Люди, не плохо знающие девушку, удивлялись, но принимали её решение. Кто-то говорил, что молодая жрица наконец повзрослела, другие наоборот считали что она оказалась слишком юна, чтобы до конца принимать все последствия своих поступков. Старая Бенну и зашедший всё таки проведать девушку Озахар о чем-то долго шептались, скрывшись от посторонних взглядов, но своего мнения публично не высказывали. Постепенно интерес окружающих стал угасать под волнами новых интересов.
Маду триумфально шёл к званию Верховного. Молодой, средней силы жрец, не так давно менявший храм, и на вершину иерархии? Казалось всё было против него. Глупостью, чтобы полагать, что Царственная Чета рассмотрит такую кандидатуру, а без одобрения властителя Египта усилия тщетны.
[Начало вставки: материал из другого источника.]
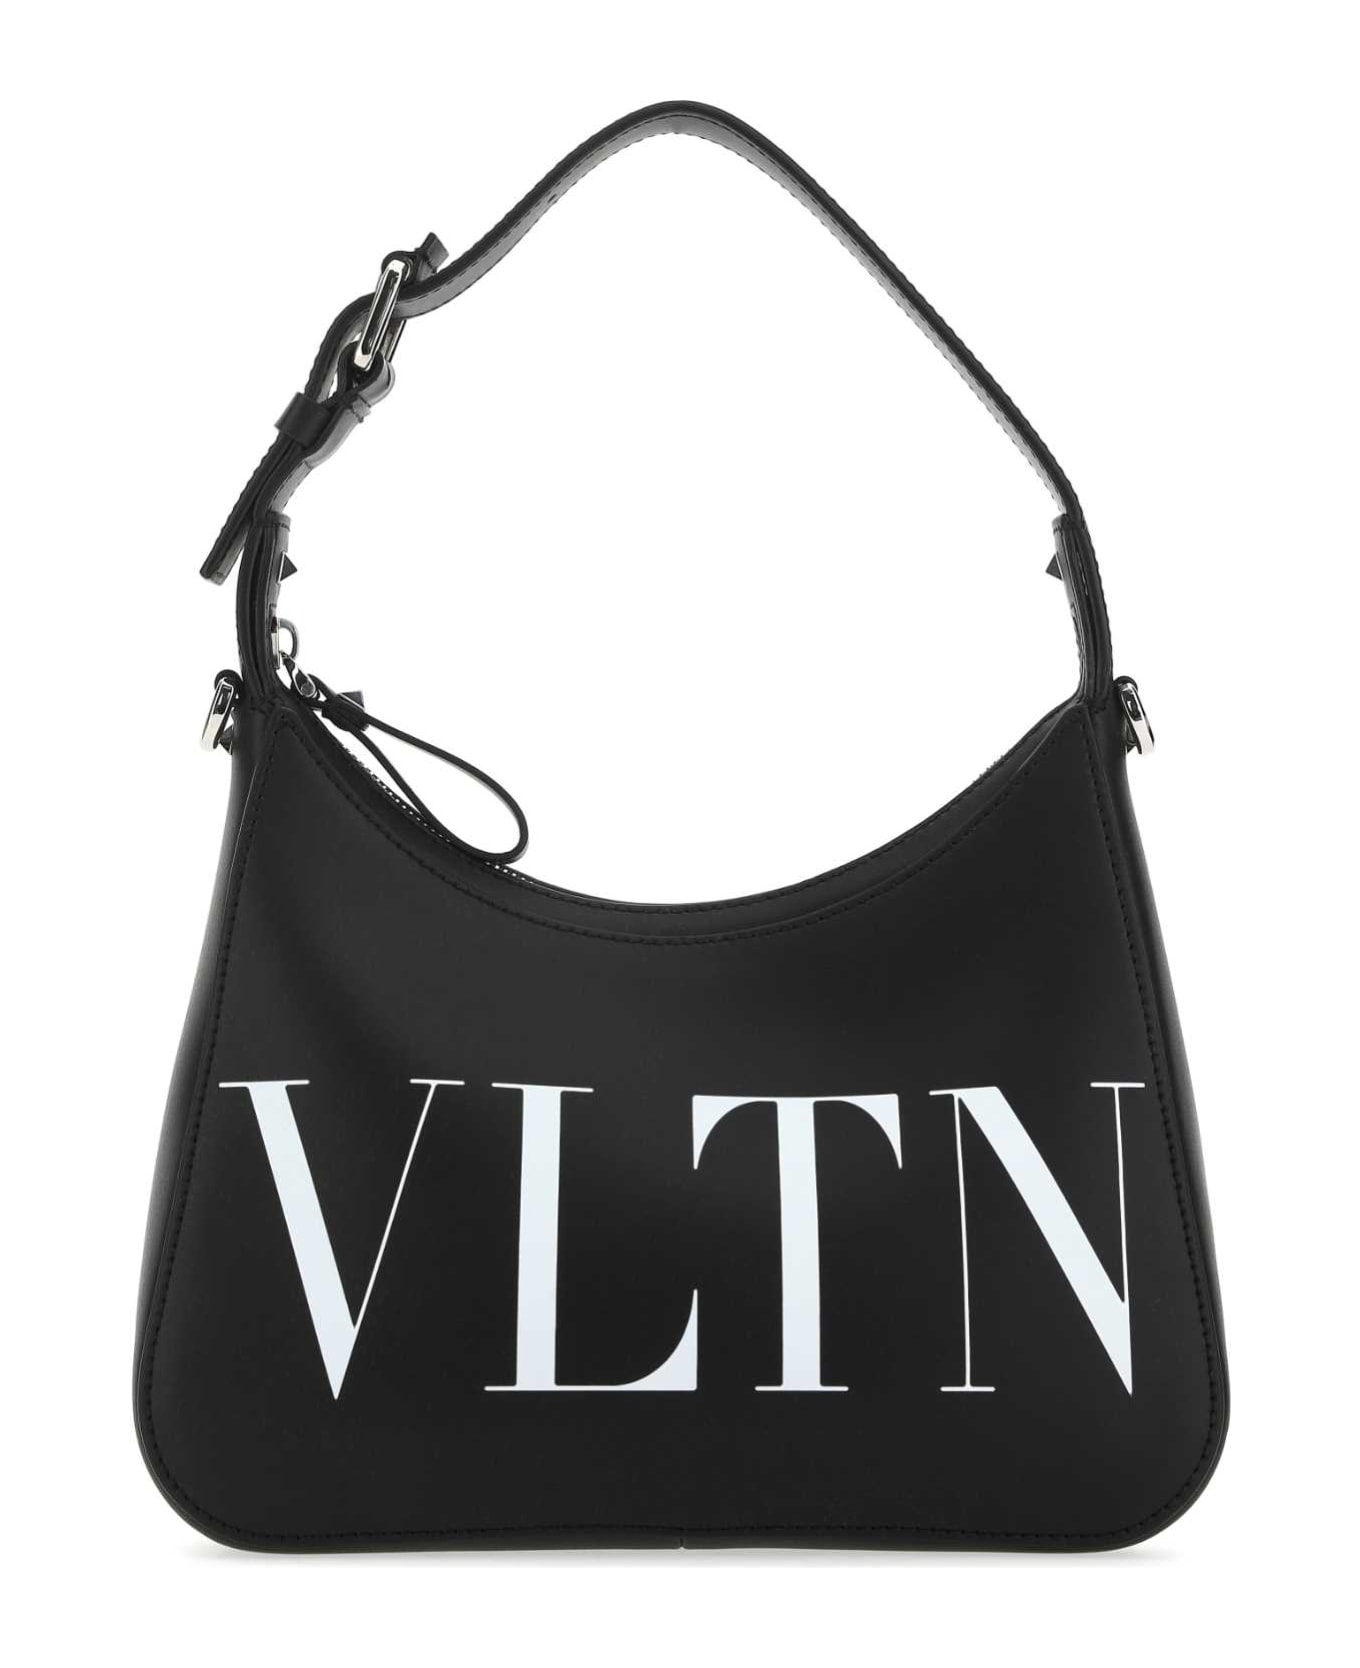 Valentino Garavani Black Leather Vltn Handbag - 0NI トートバッグ

Но бегут гонцы из Мемфиса, и болтливый солнечный жрец объявляется ставленником Наследника.
Опасная роль представителя нелюбимого принца, Фивы не Иуну, жрецы здесь не считали Аменхотепа богом. А вот убийцей… да, убийцей в глазах многих он был, слова Бадрумногим запомнились. Но Сет защитил принца от Хромого, это ли не знак того, что Наследника оговорили?
– Я молод и мне не хватает смиренной мудрости? Вы правы, сиятельные жрецы Амона, ибо как не вам, моим наставникам, знать о моих слабостях? Но старость не достоинство, а лишь цена за опыт. И её заплатил сполна жрец Тота, Озахар, к чьей мудрости я прибегал не раз, и буду прибегать и впредь. Как и к мудрости других старцев. Я слаб и кровь богов во мне почти не слышна?
Голос Маду не был столь же ярок и завораживающе уверенным, как то было у прошлого Верховного. Наоборот, он был вкрадчивым, почти шепчущим, насмешливым. Беренмут лишь раз рискнула выбраться из храма и посмотреть на споры жрецов, и друг показался ей совершенно не подходящим для высшего звания. Слишком простой, не скрываемо хитрый. Очень обычный. Но что-то во всей этой простоте заставляло окружающих слушать его гораздо дольше, чем более подходящих, но каких-то мало запоминающихся кандидатов.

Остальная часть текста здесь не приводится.